I am trying to understand this font declaration in a CSS template that I am using and learning from. Most of the CSS tutorials do not set font size this way. It does seem to work, I'm just wondering exactly what is going on.
body{
font:300 15px/1.4 'Helvetica Neue', Helvetica, Arial, sans-serif;
}
What is the 300 number doing? Why would the creator use a fraction of 15px/1.4 instead of just putting something like 10px?
Also, when is it appropriate to use quotations on the typefaces, and when is it not?
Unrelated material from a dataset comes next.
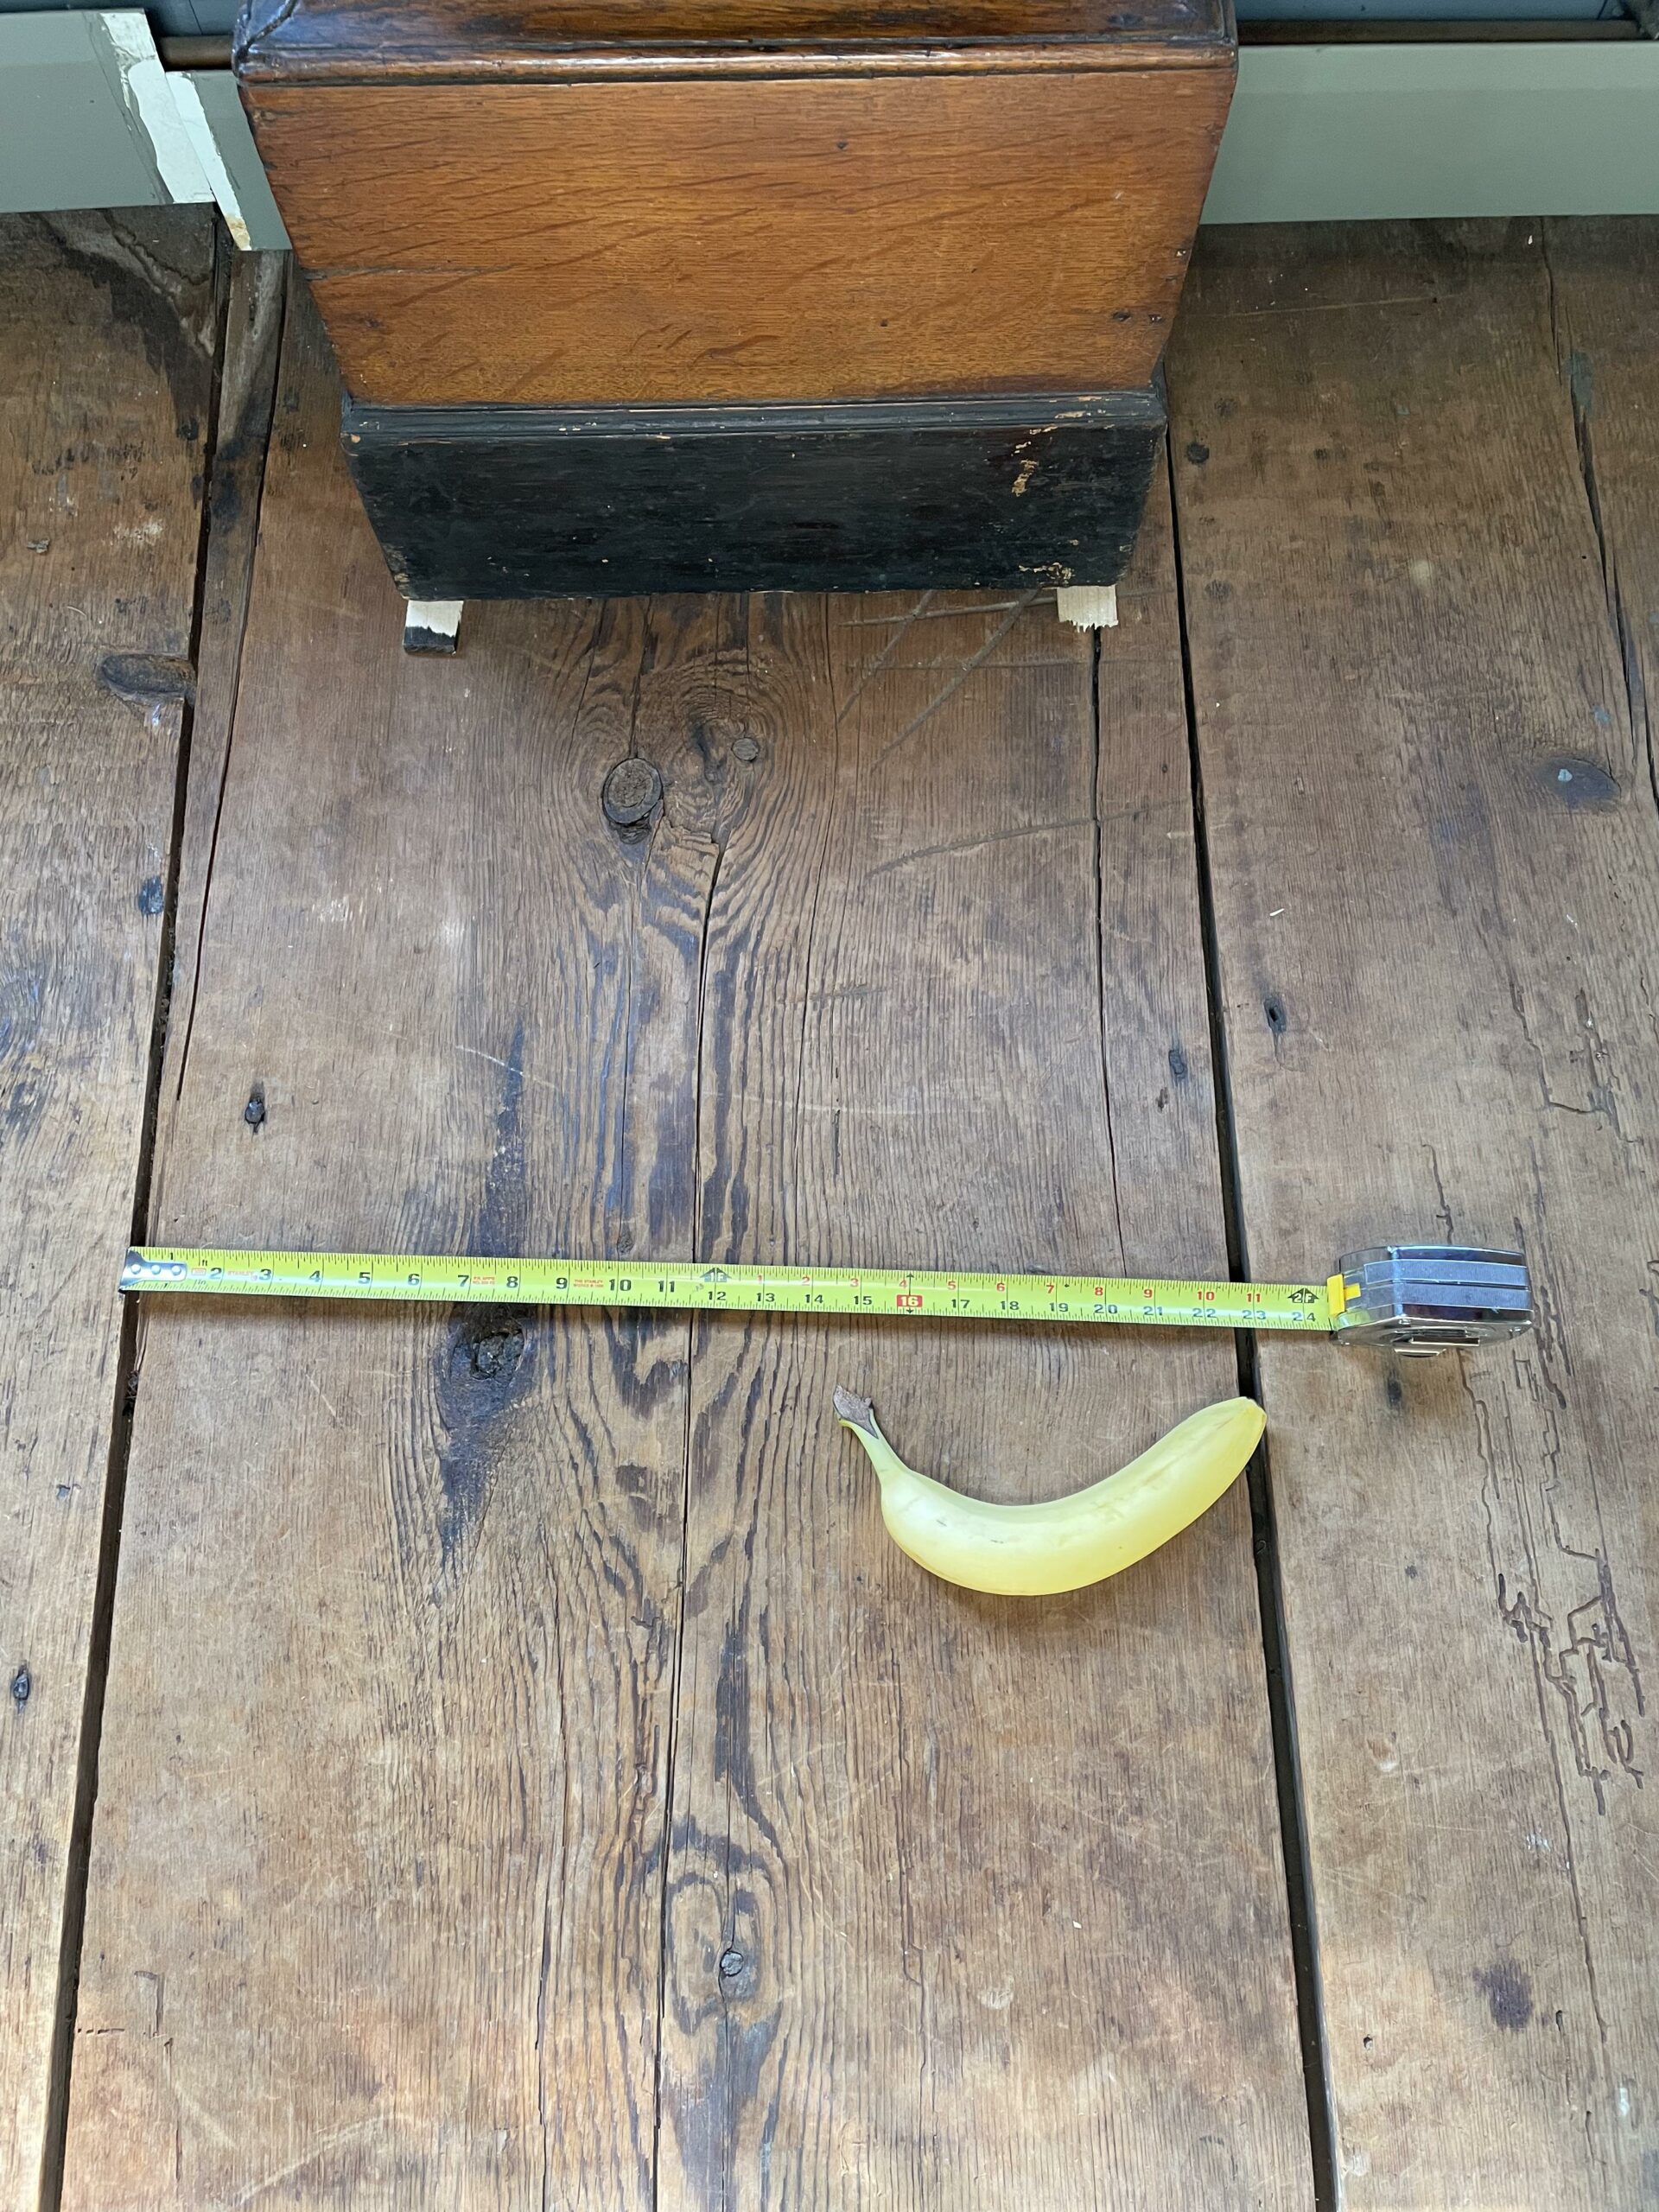 floorboards from the 1700s measured with a measuring tape and a banana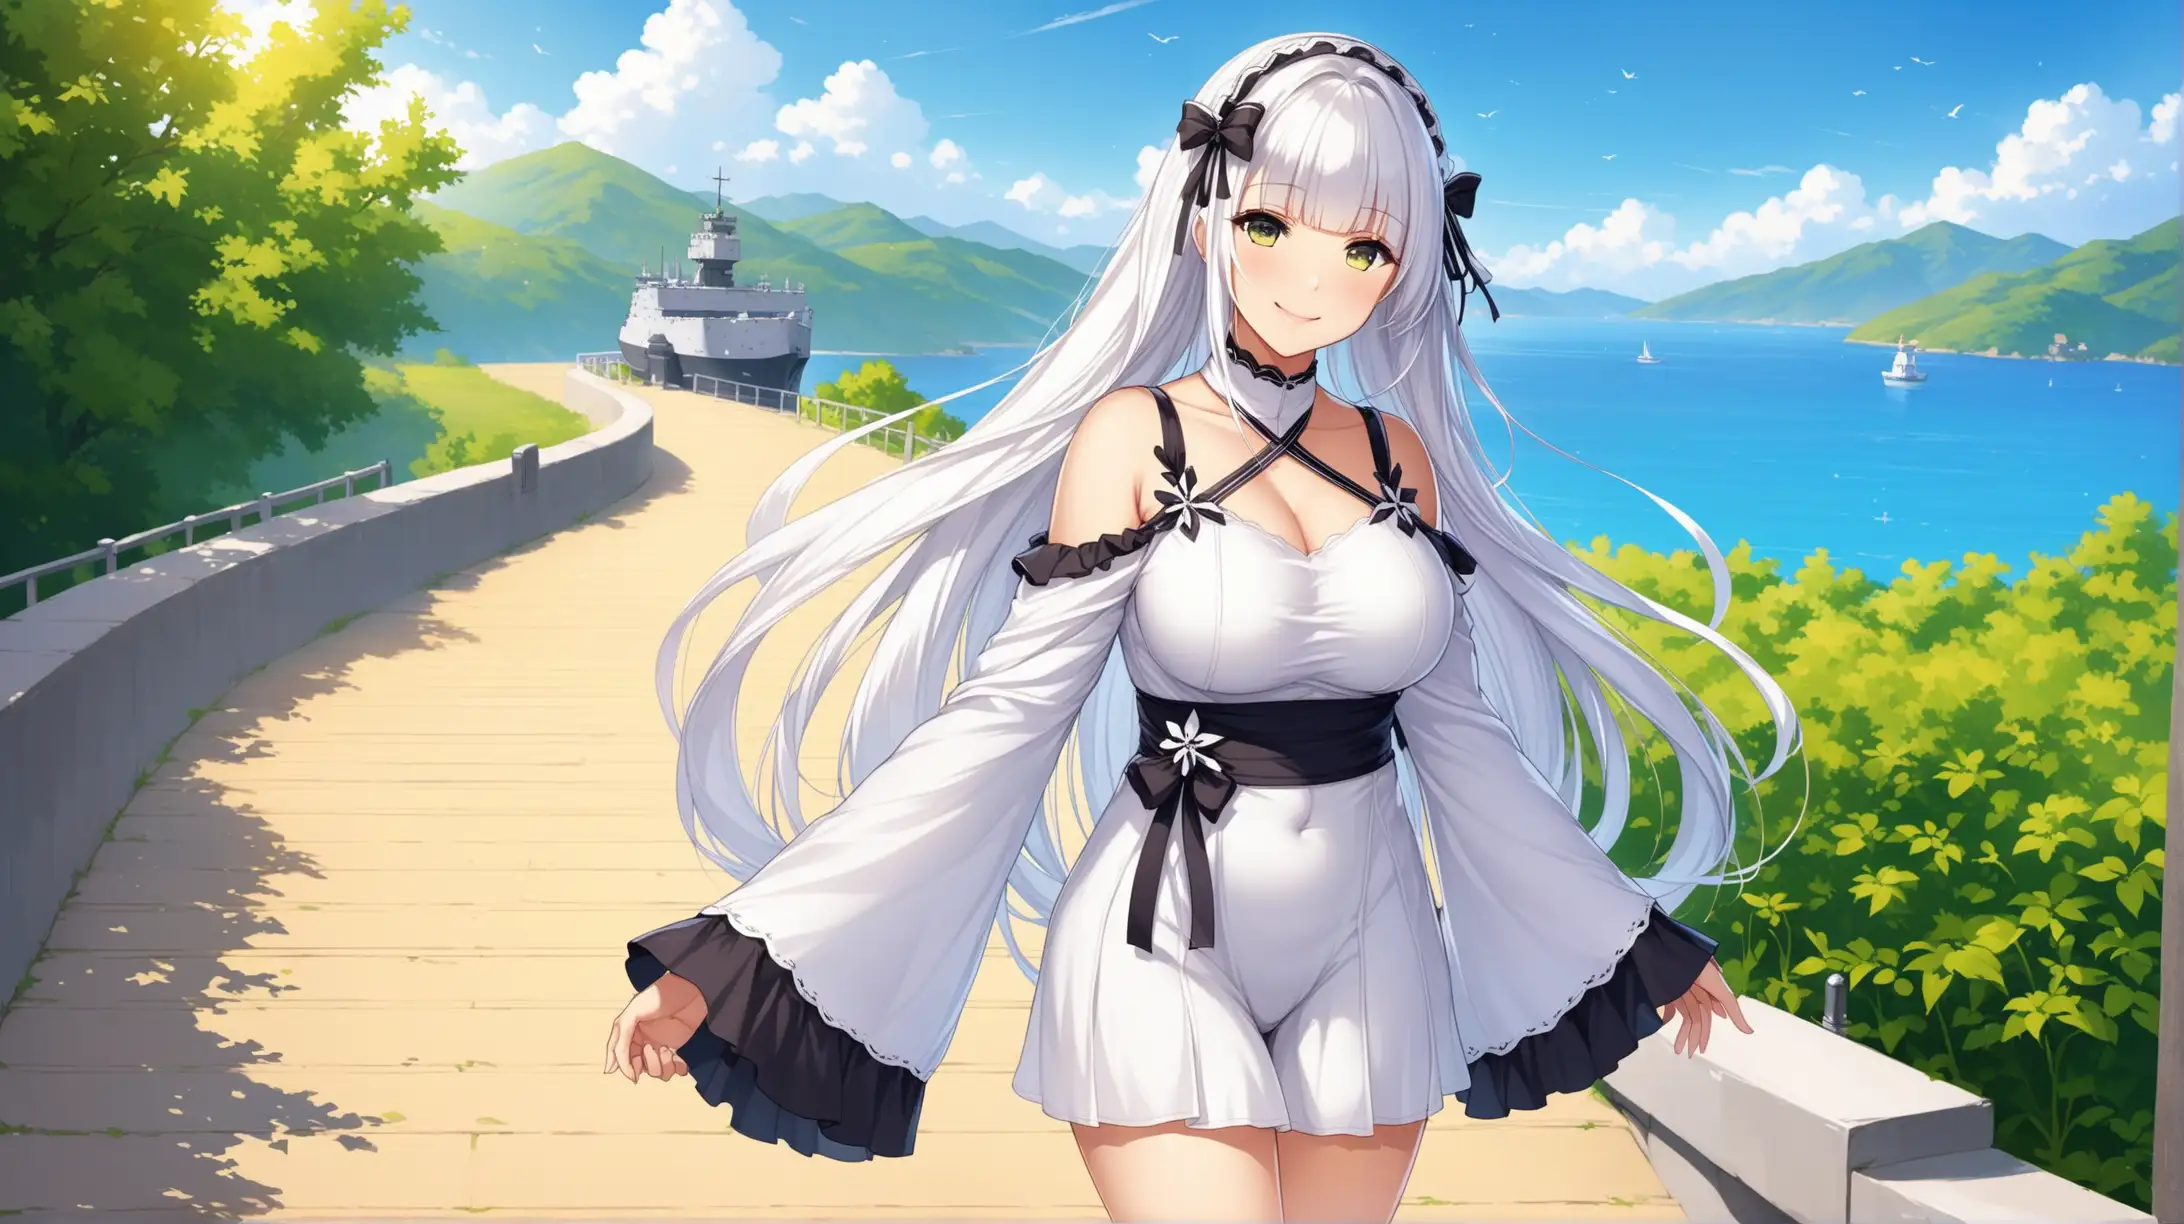 Draw the character Illustrious from Azur Lane, high quality, outdoors, standing in a relaxed pose, medium shot, casual clothing, smiling at the viewer

It's shorthand syntax for the following:
font-weight: 300;
font-size: 15px;
line-height: 1.4;
font-family: 'Helvetica Neue', Helvetica, Arial, sans-serif;
300 is just a number representation of the weight of the font. The default is 400, "bold" is equivalent to 700. Here's a font with many different weights that should give you a good idea of what the numbers correspond to: http://www.google.com/fonts/specimen/Source+Sans+Pro
When the number doesn't include a unit (like px, em, etc), it's a multiple of the font size. In this case, 15px * 1.4 = 21px, so it's the equivalent of line-height: 21px
.
This is a list of your preferred fonts, in descending order. If the user doesn't have Helvetica Neue installed, it will fall back to Helvetica. If they don't have that, it will fall back to Arial. If they don't have that, it will use whatever the browser's default sans-serif font is. In OSX and iOS, that's Helvetica, on Windows it's Arial, and on Android it's either Droid Sans or Roboto, depending on the version.